Exercise requirements >> Exactly as written, output each of the lines below, with no images.

Supplied data >>
* * *

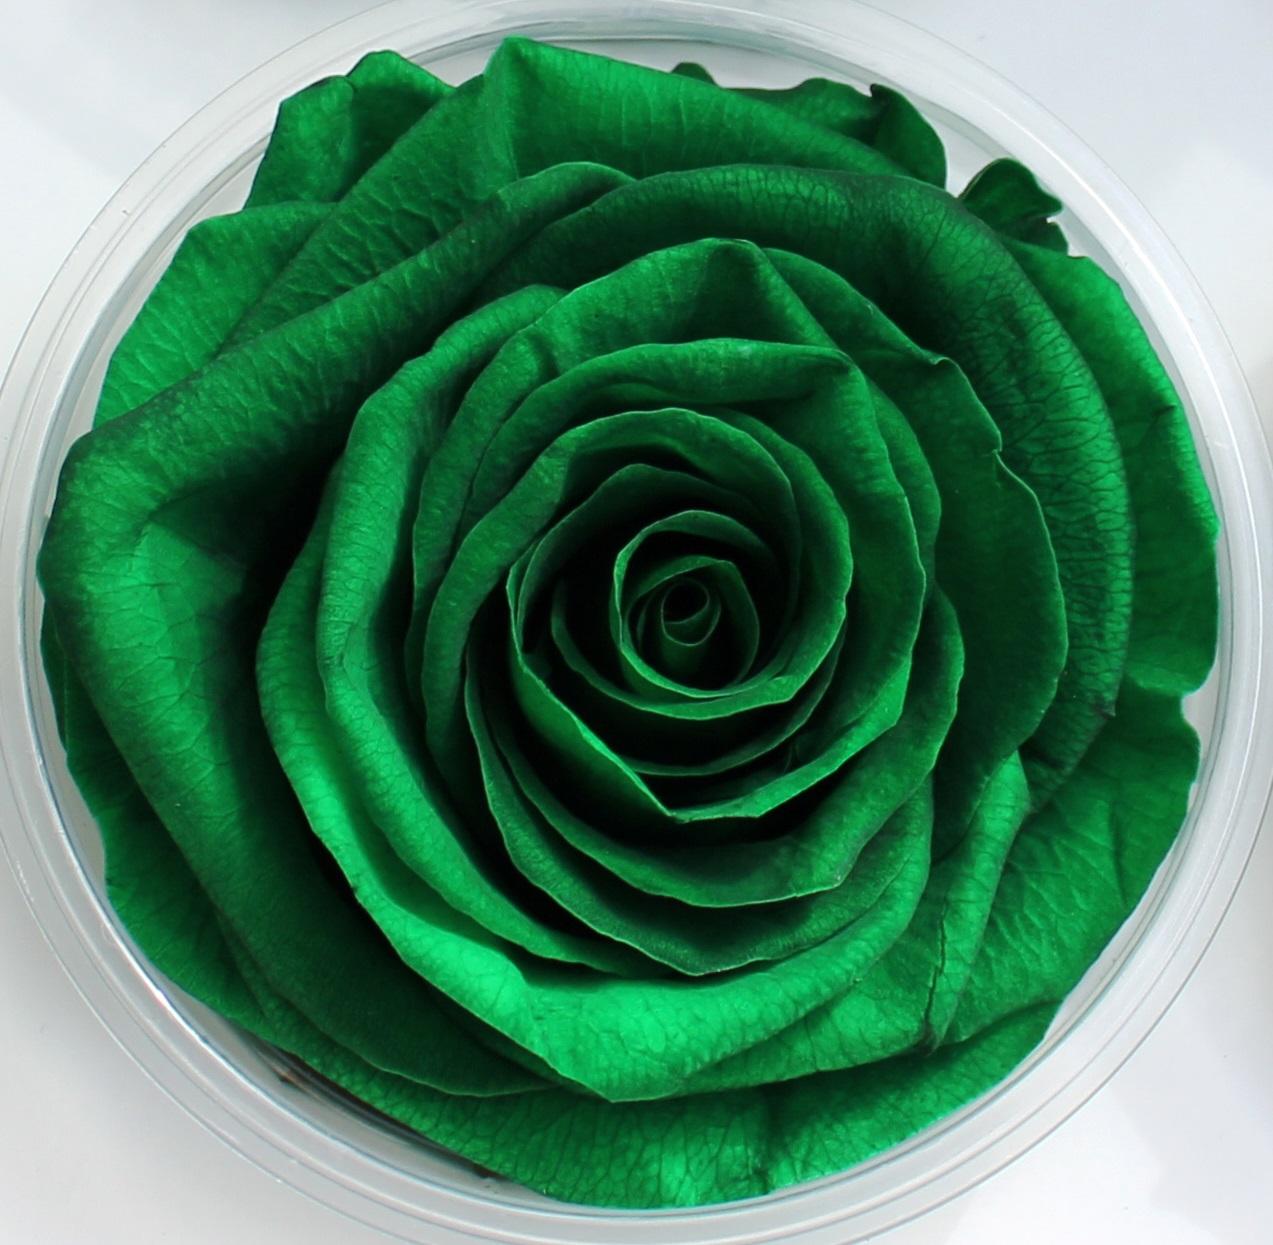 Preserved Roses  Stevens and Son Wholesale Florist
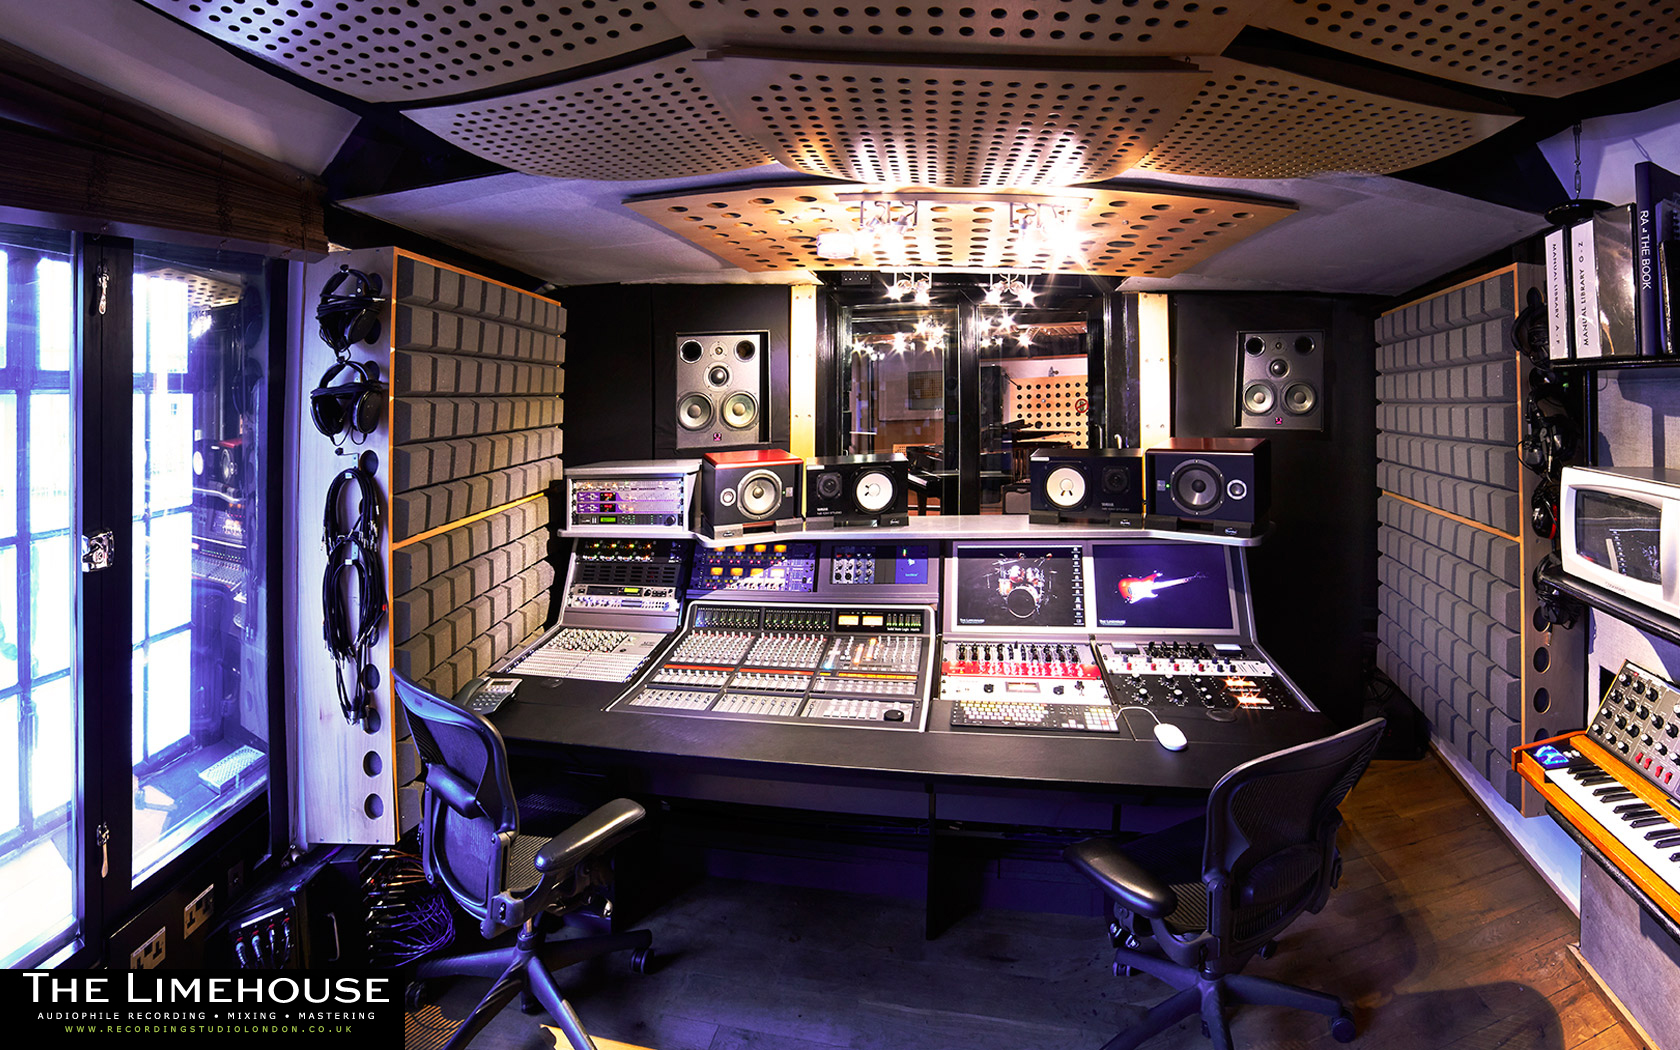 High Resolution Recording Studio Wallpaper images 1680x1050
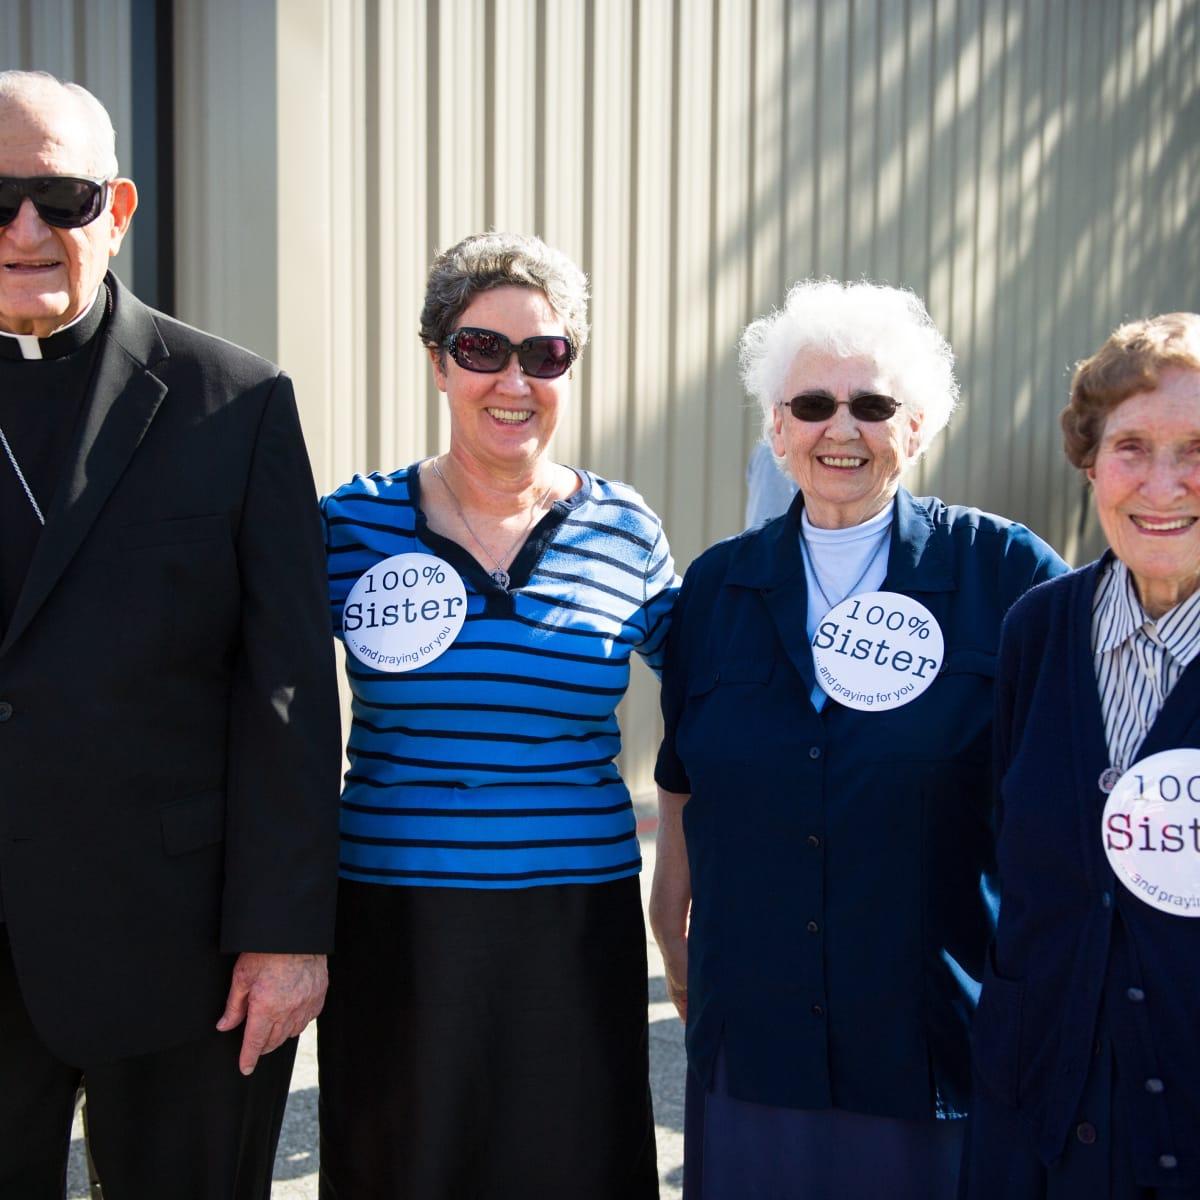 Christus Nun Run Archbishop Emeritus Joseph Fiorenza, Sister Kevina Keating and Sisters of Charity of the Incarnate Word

* * *

Written reply >>
 Preserved Roses  Stevens and Son Wholesale Florist
 High Resolution Recording Studio Wallpaper images 1680x1050
 Christus Nun Run Archbishop Emeritus Joseph Fiorenza, Sister Kevina Keating and Sisters of Charity of the Incarnate Word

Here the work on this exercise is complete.